Through this the river foamed between two vast cliffs, a thousand feet in height, whose profiles, as you approached them, suggested the idea of angry giants, separated by some almighty hand, and thus left frowning at each other. It was with a feeling of awe that one looked up the face of these stupendous cliffs, and I felt a shuddering sensation as I neared the mighty gate between them.
“Do you see that point?” asked Seguin, indicating a rock that jutted out from the highest ledge of the chasm. I signified in the affirmative, for the question was addressed to myself.
“That is the leap you were so desirous of taking. We found you dangling against yonder rock.”
“Good God!” I ejaculated, as my eyes rested upon the dizzy eminence. My brain grew giddy as I sat in my saddle gazing upward, and I was fain to ride onward.
“But for your noble horse,” continued my companion, “the doctor here would have been stopping about this time to hypothecate upon your bones. Ho, Moro! beautiful Moro!”
“Oh, mein Gott! Ya, ya!” assented the botanist, looking up against the precipice, apparently with a feeling of awe such as I felt myself.
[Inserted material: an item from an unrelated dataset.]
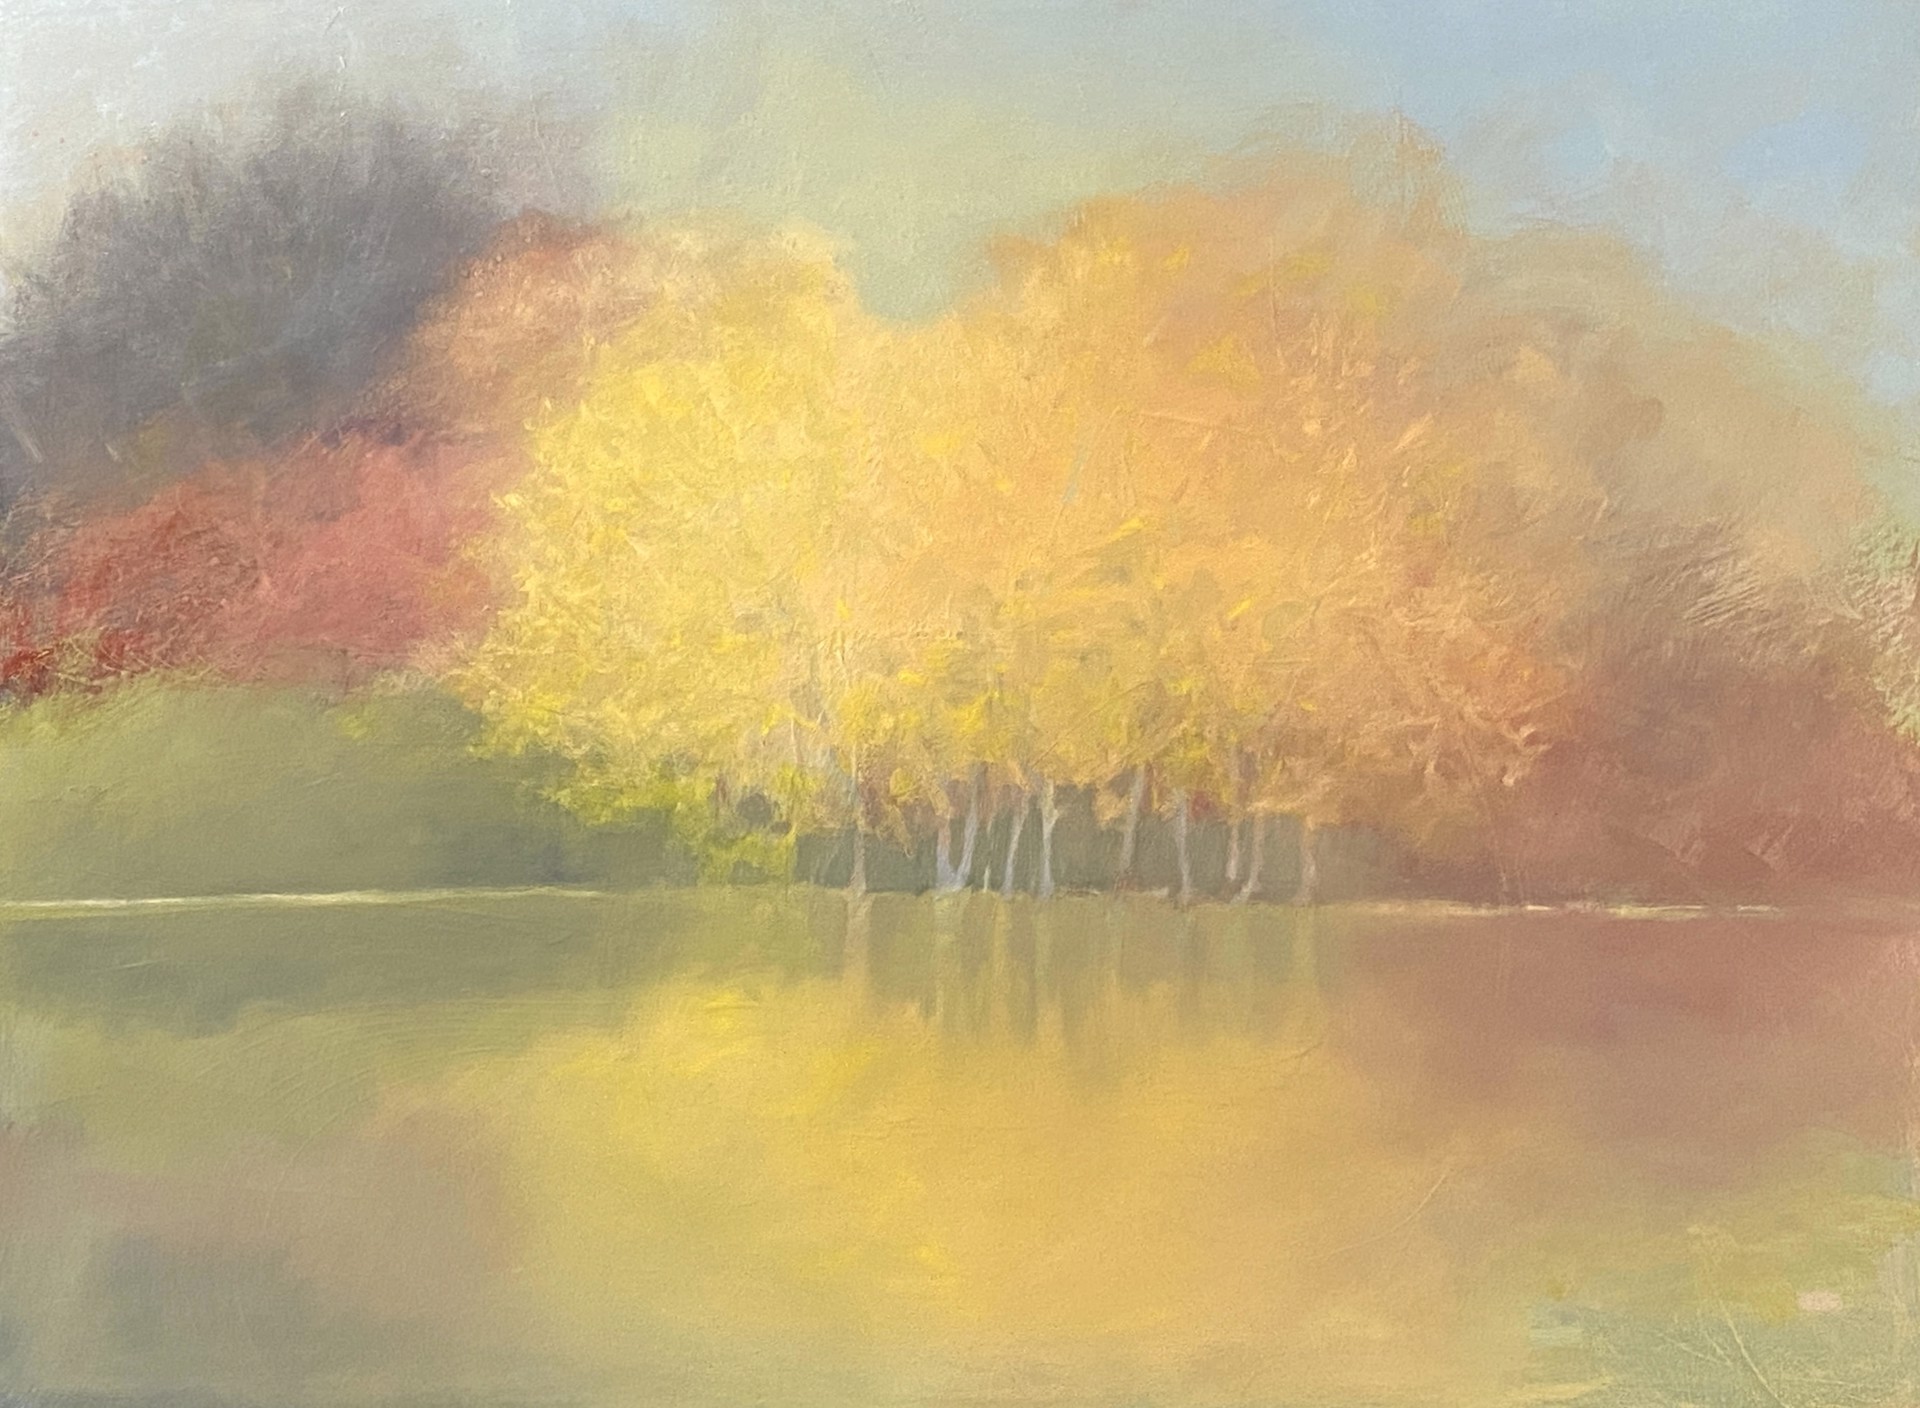 Warm Reflections by Pam Hassler

Seguin had ridden alongside me, and was patting my horse on the neck with expressions of admiration.
“But why?” I asked, the remembrance of our first interview now occurring to me, “why were you so eager to possess him?”
“A fancy.”
“Can I not understand it? I think you said then that I could not?”
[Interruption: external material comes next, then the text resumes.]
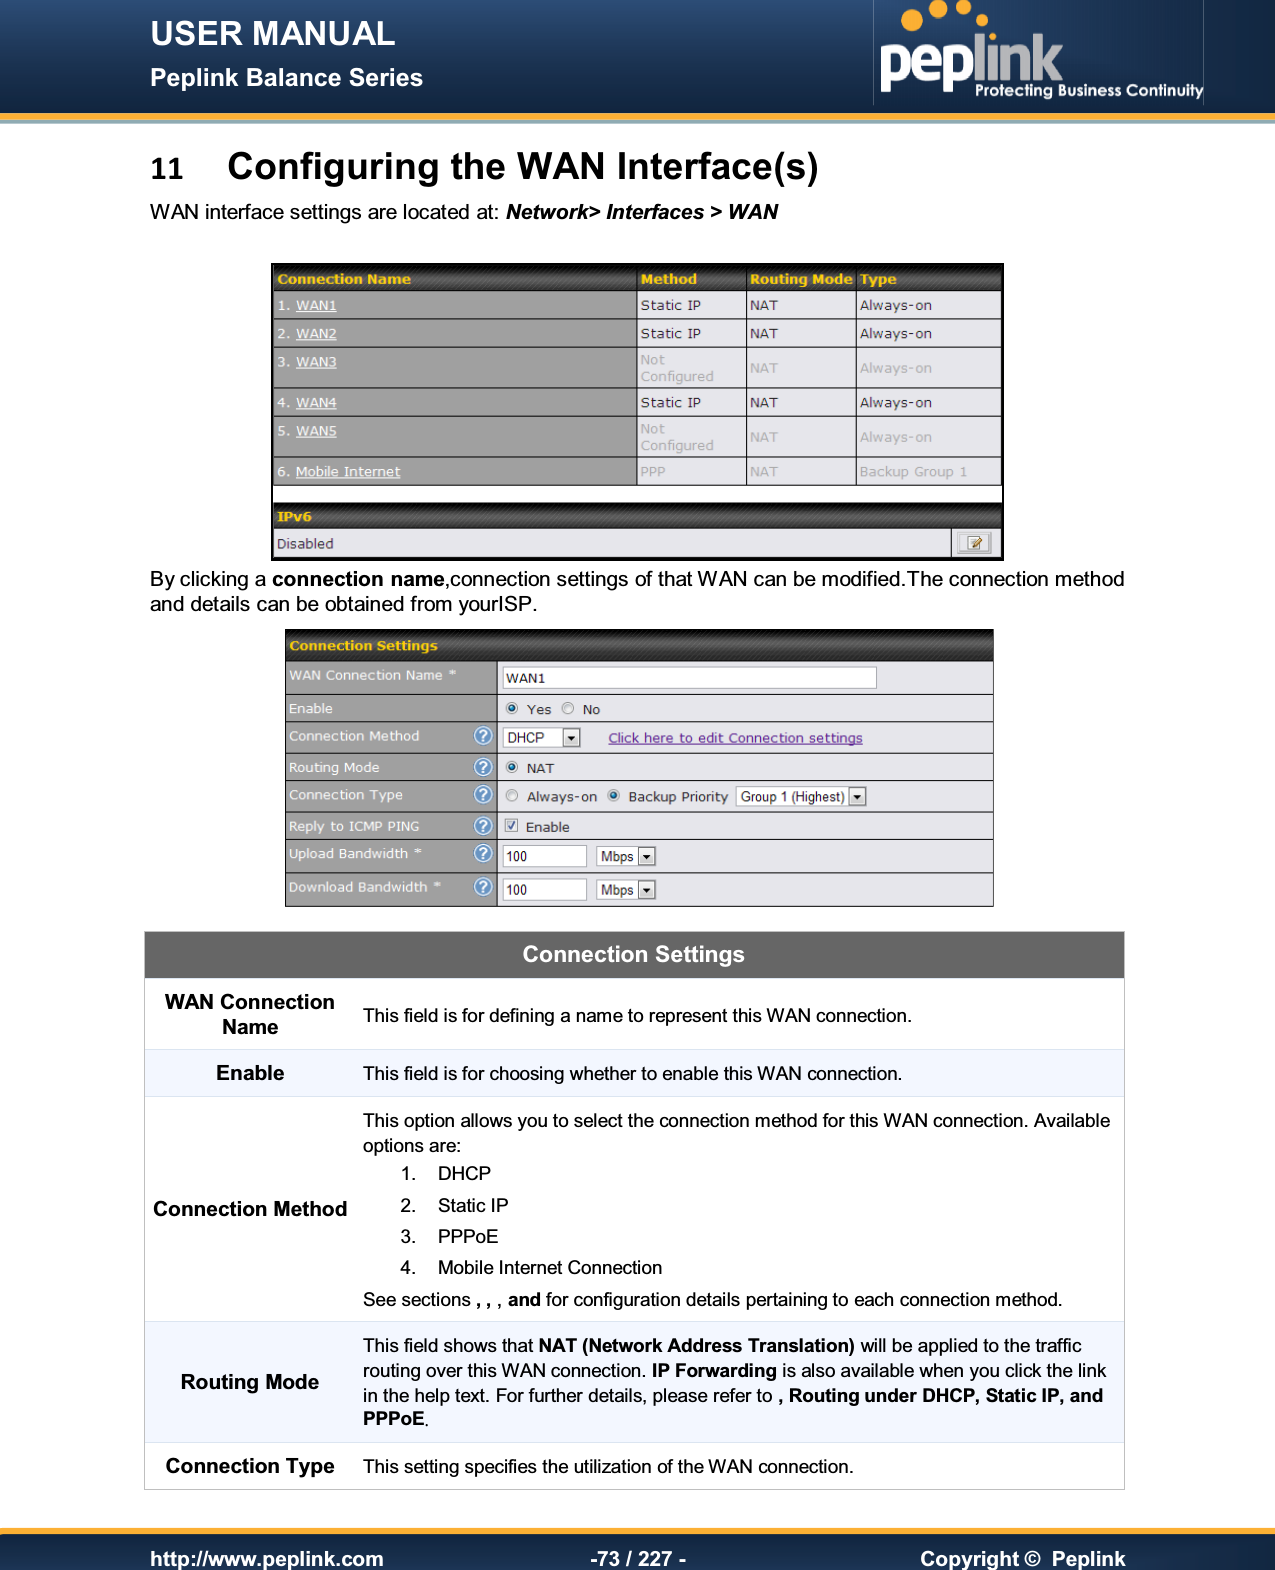 USER MANUAL Peplink Balance Series   http://www.peplink.com -73 / 227 -  Copyright ©  Peplink 11 Configuring the WAN Interface(s) WAN interface settings are located at: Network&gt; Interfaces &gt; WAN   By clicking a connection name,connection settings of that WAN can be modified.The connection method and details can be obtained from yourISP.  Connection Settings WAN Connection Name This field is for defining a name to represent this WAN connection. Enable This field is for choosing whether to enable this WAN connection. Connection Method This option allows you to select the connection method for this WAN connection. Available options are: 1.  DHCP 2.  Static IP 3.  PPPoE 4.  Mobile Internet Connection See sections , , , and for configuration details pertaining to each connection method. Routing Mode This field shows that NAT (Network Address Translation) will be applied to the traffic routing over this WAN connection. IP Forwarding is also available when you click the link in the help text. For further details, please refer to , Routing under DHCP, Static IP, and PPPoEį Connection Type This setting specifies the utilization of the WAN connection.

“Oh, yes! Quite easily, monsieur. I intended to steal my own daughter, and I wanted, for that purpose, to have the aid of your horse.”
“But how?”
“It was before I had heard the news of this intended expedition of our enemy. As I had no hopes of obtaining her otherwise, it was my design to have entered their country alone, or with a tried comrade, and by stratagem to have carried her off. Their horses are swift, yet far inferior to the Arab, as you may have an opportunity of seeing. With such an animal as that, I would have been comparatively safe, unless hemmed in or surrounded, and even then I might have got off with a few scratches, I intended to have disguised myself, and entered the town as one of their own warriors. I have long been master of their language.”
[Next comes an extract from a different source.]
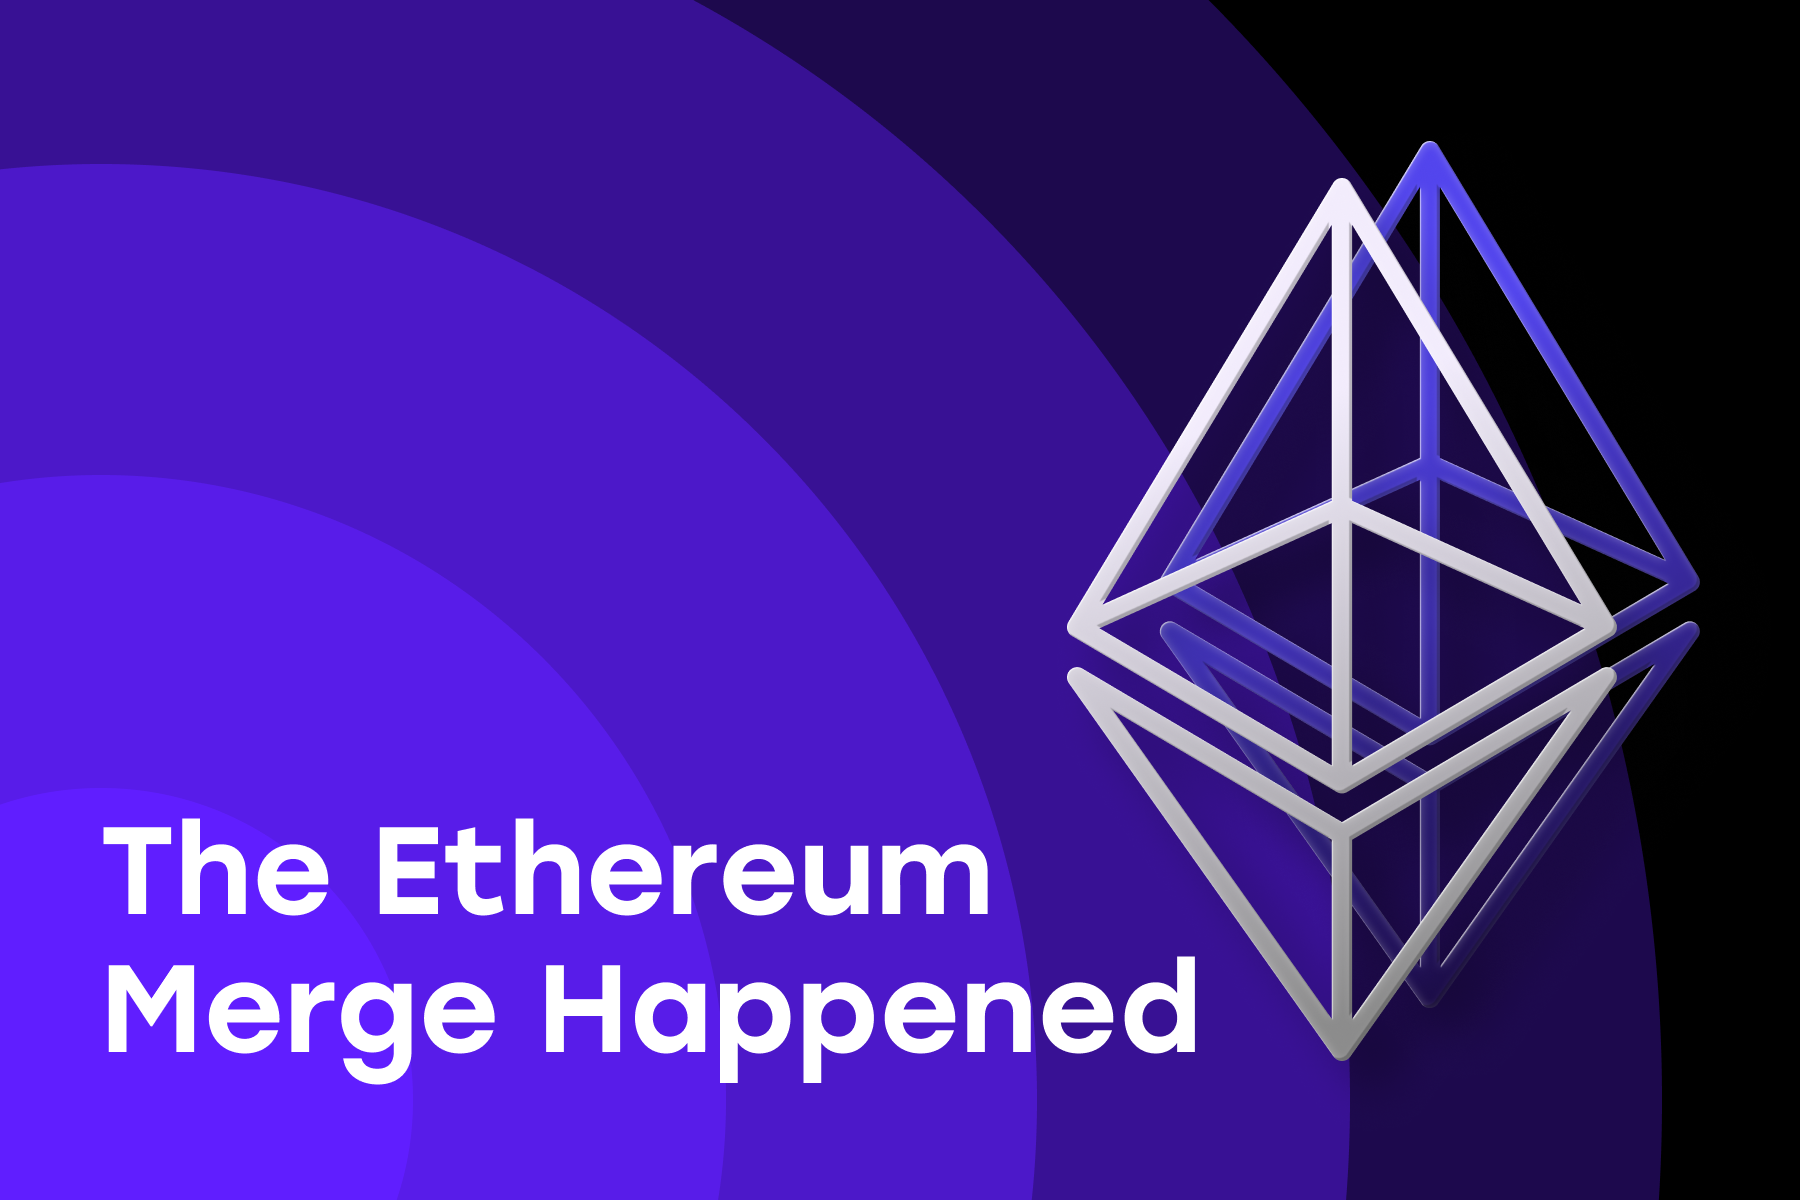 The Ethereum Merge Happened - So What?

“It would have been a perilous enterprise.”
“True! It was a dernier ressort, and only adopted because all other efforts had failed; after years of yearning, deep craving of the heart. I might have perished. It was a rash thought, but I, at that time, entertained it fully.”
“I hope we shall succeed now.”
“I have high hopes. It seems as if some overruling providence were now acting in my favour. This absence of her captors; and, besides, my band has been most opportunely strengthened by the arrival of a number of trappers from the eastern plains. The beaver-skins have fallen, according to their phraseology, to a ‘plew a plug,’ and they find ‘red-skin’ pays better. Ah! I hope this will soon be over.”
And he sighed deeply as he uttered the last words.
We were now at the entrance of the gorge, and a shady clump of cotton-woods invited us to rest.
“Let us noon here,” said Seguin.
We dismounted, and ran our animals out on their trail-ropes to feed. Then seating ourselves on the soft grass, we drew forth the viands that had been prepared for our journey.